PanBench: Towards High-Resolution and High-Performance Pansharpening

paper_url: http://arxiv.org/abs/2311.12083
repo_url: None
paper_authors: Shiying Wang, Xuechao Zou, Kai Li, Junliang Xing, Pin Tao
for: 这篇论文是为了探讨远程感知领域中的笔划合成问题，即将低分辨率多spectral图像与高分辨率灰度图像集成成一个高分辨率图像，以提高远程感知数据分析中的精度。
methods: 这篇论文提出了一种新的笔划合成网络（CMFNet），使用了级联多尺度融合技术，以实现高精度的笔划合成。
results: 论文通过了广泛的实验，证明了CMFNet的效果是非常高，可以在远程感知领域中提高笔划合成的精度。

Abstract
Pansharpening, a pivotal task in remote sensing, involves integrating low-resolution multispectral images with high-resolution panchromatic images to synthesize an image that is both high-resolution and retains multispectral information.

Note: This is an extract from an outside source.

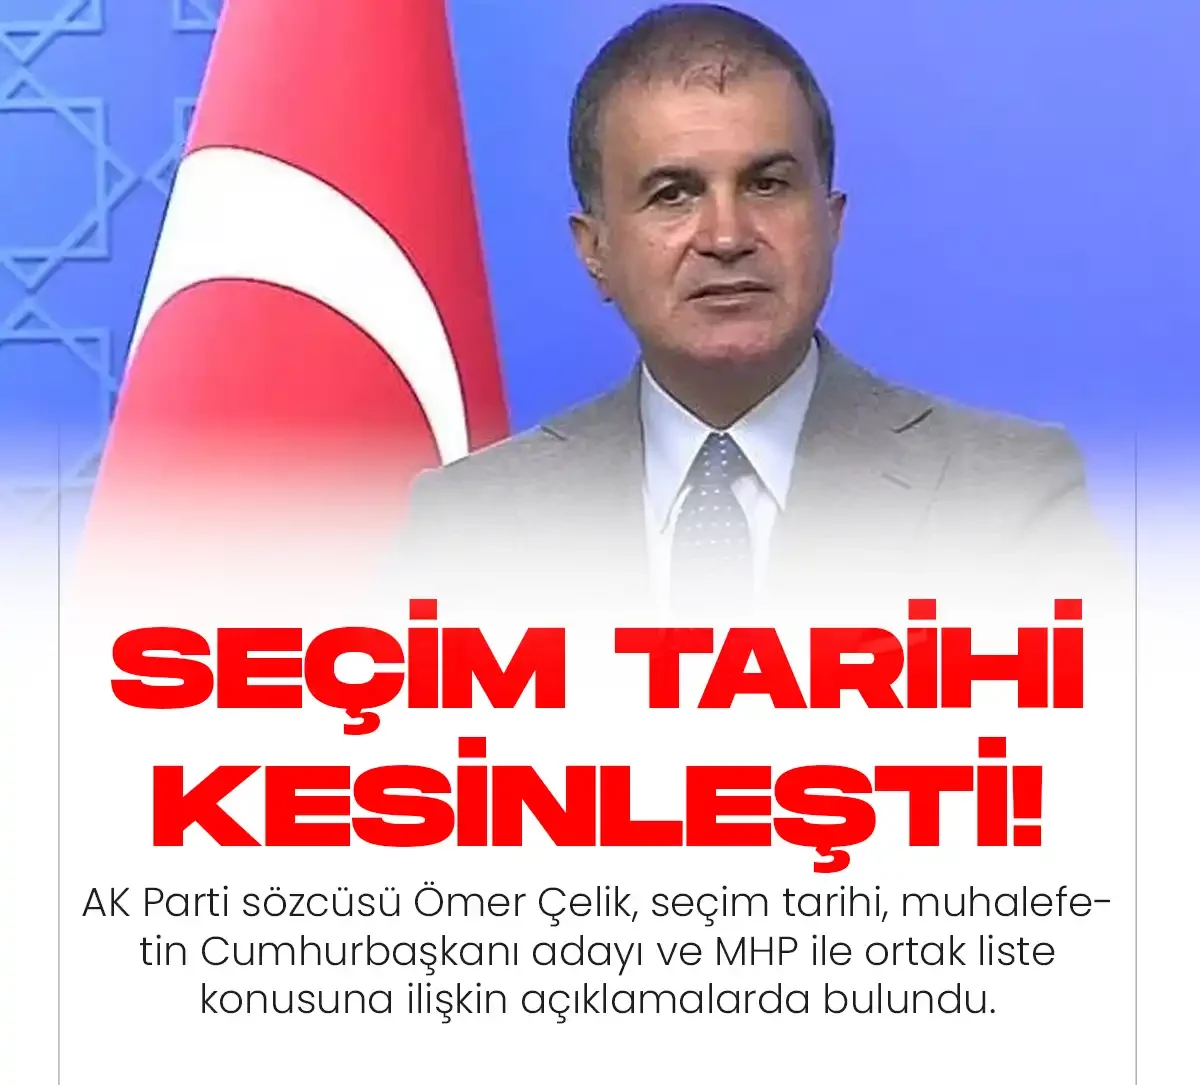 AK Parti sözcüsünden seçim tarihi açıklaması geldi.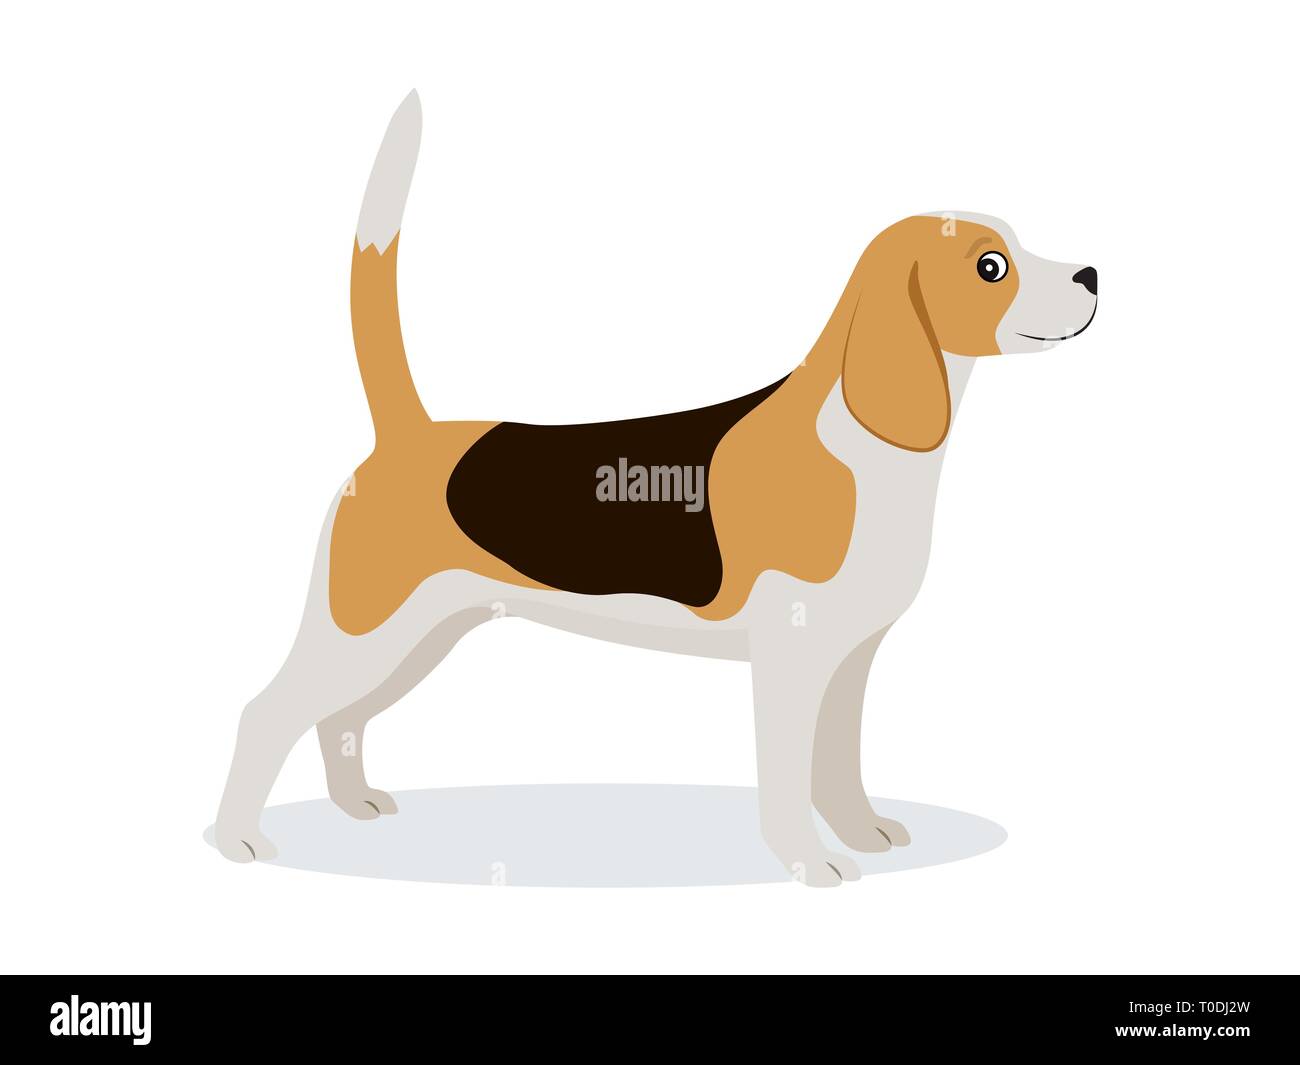 Süße beagle Icon, kleine Jagdhund mit weißen und braunen Pelz isoliert, Haustier, Vector Illustration Stock Vektor

These pansharpened images enhance precision in land cover classification, change detection, and environmental monitoring within remote sensing data analysis. While deep learning techniques have shown significant success in pansharpening, existing methods often face limitations in their evaluation, focusing on restricted satellite data sources, single scene types, and low-resolution images. This paper addresses this gap by introducing PanBench, a high-resolution multi-scene dataset containing all mainstream satellites and comprising 5,898 pairs of samples. Each pair includes a four-channel (RGB + near-infrared) multispectral image of 256x256 pixels and a mono-channel panchromatic image of 1,024x1,024 pixels. To achieve high-fidelity synthesis, we propose a Cascaded Multiscale Fusion Network (CMFNet) for Pansharpening. Extensive experiments validate the effectiveness of CMFNet. We have released the dataset, source code, and pre-trained models in the supplementary, fostering further research in remote sensing.

摘要
Remote sensing 中的缩进任务之一是束合低分辨率多spectral图像与高分辨率独立图像，以生成高分辨率的图像，同时保留多spectral信息。这些缩进图像可以增强远程感知数据分类、变化探测和环境监测中的精度。深度学习技术在缩进中已经表现出了显著的成功，但现有方法常面临评估限制，包括固定卫星数据源、单个场景类型和低分辨率图像。本文填补这个空白，通过介绍 PanBench 高分辨率多场景数据集，该数据集包含所有主流卫星，包括 5,898 对样本。每对样本包括一个四通道 (RGB + near-infrared) 多spectral图像，分辨率为 256x256 像素，以及一个单通道独立图像，分辨率为 1,024x1,024 像素。为实现高准确性束合，我们提议一种顺序多尺度融合网络 (CMFNet)。广泛的实验证明了 CMFNet 的有效性。我们在补充中发布了数据集、源代码和预训练模型，欢迎更多的研究人员进行远程感知领域的进一步研究。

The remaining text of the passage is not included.